The Modeling and Simulation Unit will provide a broad array of quatitative techniques employed in various aspects of translational research. These will include but not be limited to the following approaches:
- Allometric Modeling : The practice of scaling or normalizing physiological variables by deriving a relationship with an appropriate body size variable. Allometric models are used regularly in modeling complex biological phenomena where the actual mechanisms underlying the model behavior are too complex to describe in detail, but there is a need to be able to make predictions.
- PK/PD Modeling : The union of pharmacokinetic (PK) and pharmacodynamic (PD) modeling seeks to describe and predict the time course of drug effects under physiological and pathological conditions.

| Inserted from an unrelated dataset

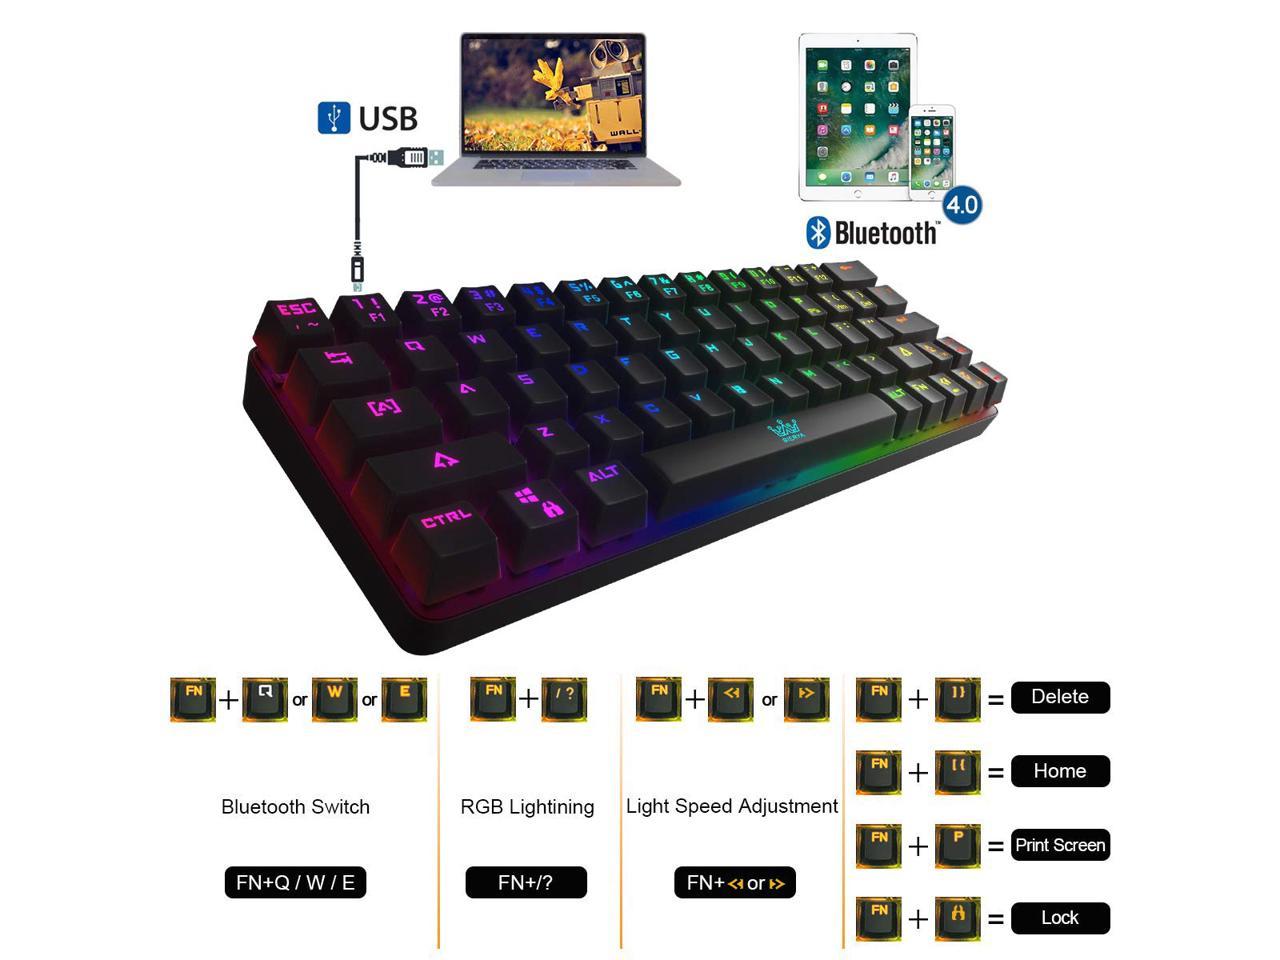 63 Keys Compact RGB Backlit Gaming keyboard with 1900 mAh,Full Anti-ghosting Keys for Gamers and Typists Red Switch DIERYA 60% Mechanical Keyboard,Bluetooth 4.0 Wired/Wireless keyboard
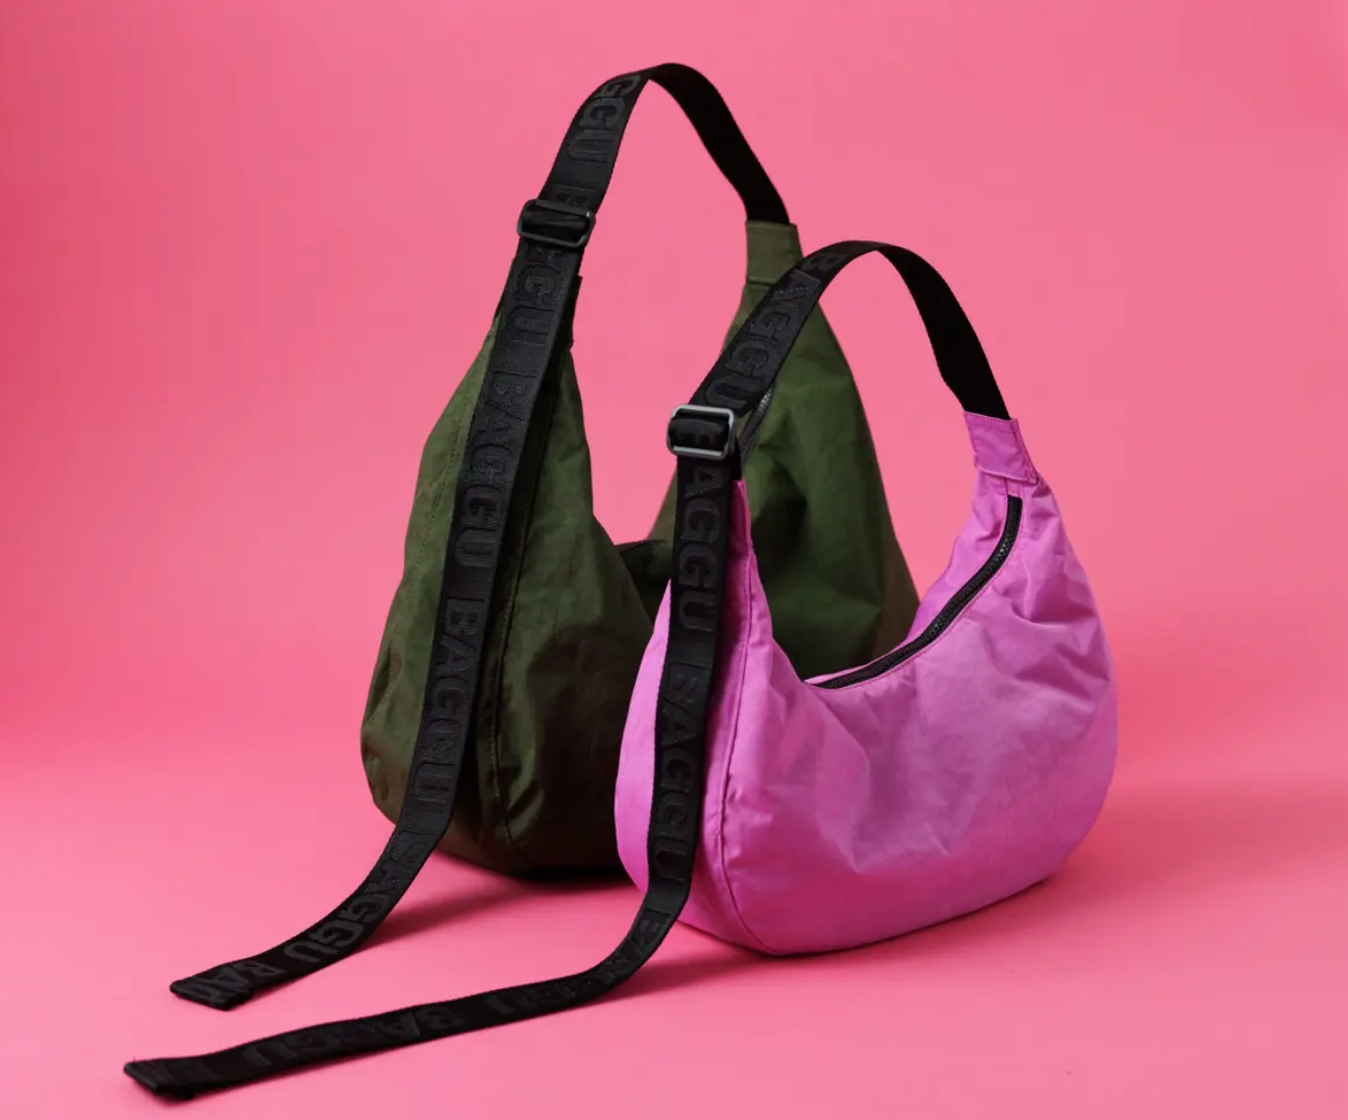 Baggu: Function And Sustainability, The Perfect Recipe For Popular Fashion Accessories

- Physiologic-based PK (PBPK) Modeling : The overlay of drug specific data onto an essentially independent structural model comprising the tissues and organs of the body with each perfused by and connected via the vascular system. The independent physiological data comprise, among others, tissue structure, tissue volume, tissue composition, and associated blood flows—all anatomically correct. As the model structure is essentially common to all mammalian species, the approach can facilitate interspecies scaling.
- Mechanistic Modeling : A representation of the physical, biological, or mechanistic theory governing the system; in contrast to an empirical model.
- Population-based PK/PD (Nonlinear, mixed effects) Modeling : An approach that describes the typical relationships between physiology (both normal and disease altered) and pharmacokinetics, t he interindividual variability in these relationships, and residual intraindividual variability.
- Bayesian Forecasting : Bayesian regression to estimate "individualized" model parameters, using population-based model values and measured or observed responses (one or more samples) from each patient. These individualized parameters can then used to predict the subsequent responses over time.
- Disease Progression Modeling : A model approach to describe, explain, and predict the changes in disease status as a function of time incorporating functions of natural disease progression (e.g. as characterized by specific biomarkers) as well as drug action.
- Clinical Trial Simulation : Monte Carlo based simulation technique integrating models of drug (input/output), covariate distribution and trial design used for sensitivity analyses and scenario testing.
- Discrete-event Simulation : An approach to study complex systems by computing the times that would be associated with real events in actual situations. DES can be employed to evaluate clinical trial design efficiency or any clinical situation in which building up models to observe the time based (or dynamic) behavior of a system is required.